1. Create a webhook Connection

Create the webhook Connection through Polytomic Connect’s embedded authentication or the Create Connection endpoint. See the webhook configuration reference for the required fields.

2. Create a Google Cloud Storage Connection

The following request creates a Google Cloud Storage Connection.

cURL
Python
Typescript
Go
$curl --request POST \
> --url https://app.polytomic.com/api/connections \
> --header "accept: application/json" \
> --header "content-type: application/json" \
> --header "X-Polytomic-Version: 2025-09-18" \
> --header "Authorization: Bearer ${POLYTOMIC_API_KEY}" \
> -d '{"name": "Google Cloud Storage Connection","type": "gcs", "configuration": { "service_account": "${GOOGLE_SERVICE_ACCOUNT_JSON_KEY}", "bucket": "gcs://mybucket/mypath"}}'

3. Verify Connection readiness

Before syncing, poll the Get Schema Status endpoint for your Google Cloud Storage Connection ID until cache_status is true. Once it is, the Connection is ready to use.

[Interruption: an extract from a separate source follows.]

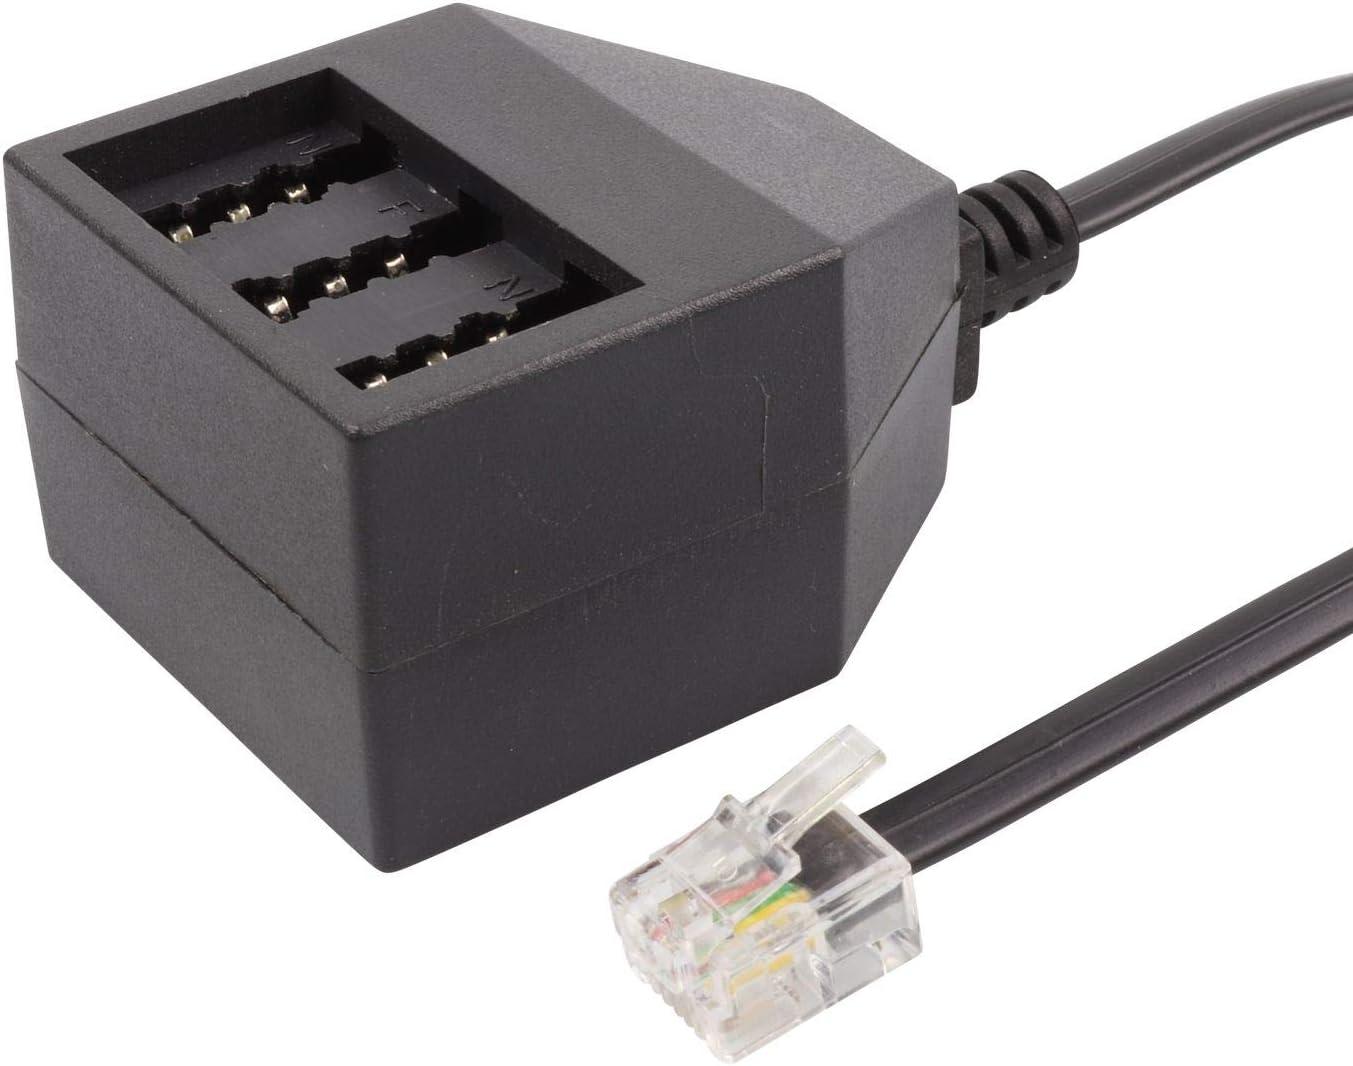 S Conn Maximum Connectivity Western Stecker 6 4 Elektronik

4. Create a source model over the GCS CSV

Next, create a model over a CSV file in Google Cloud Storage (GCS). A model is a view — a collection of fields you can sync to other systems in whole or in part.

Call the Create Model endpoint to expose every column in high_paying_users.csv:

cURL
Python
Typescript
Go
$curl --request POST \
> --url https://app.polytomic.com/api/models \
> --header "accept: application/json" \
> --header "content-type: application/json" \
> --header "X-Polytomic-Version: 2025-09-18" \
> --header "Authorization: Bearer ${POLYTOMIC_API_KEY}" \
> -d '{
> "name": "GCS Contacts",
> "configuration": {
> "model_from": "single_file",
> "key": "high_paying_users.csv"
> },
> "connection_id": "YOUR_GCS_CONNECTION_ID"
> }'

5. Sync the GCS model to the webhook

The sync sends email, first_name, and last_name from the GCS model to the webhook. Add more entries to the fields array to sync additional columns.

Create the sync with the Create Sync endpoint:

cURL
TypeScript
Python
Go
$curl --request POST \
> --url https://app.polytomic.com/api/syncs \
> --header "accept: application/json" \
> --header "content-type: application/json" \
> --header "Authorization: Bearer ${POLYTOMIC_API_KEY}" \
> -d '{
> "name": "Sync GCS to Webhook",
> "active": true,
> "mode": "updateOrCreate",
> "fields": [
> {
> "source": {
> "field": "email_address",
> "model_id": "YOUR_MODEL_ID"
> },
> "target": "record"
> },
> {
> "source": {
> "field": "first_name",
> "model_id": "YOUR_MODEL_ID"
> },
> "target": "record"
> },
> {
> "source": {
> "field": "last_name",
> "model_id": "YOUR_MODEL_ID"
> },
> "target": "record"
> }
> ],
> "target": {
> "connection_id": "YOUR_WEBHOOK_CONNECTION_ID",
> "object": "http",
> "configuration": {
> "batch_size": 100,
> "record_requests": true
> }
> },
> "schedule": {
> "frequency": "manual"
> }
> }'

This example uses a manual schedule, so the sync runs only when you trigger it. Use a manual schedule when you drive syncs from your own orchestration. To run the sync on a recurring schedule instead, set a different schedule frequency.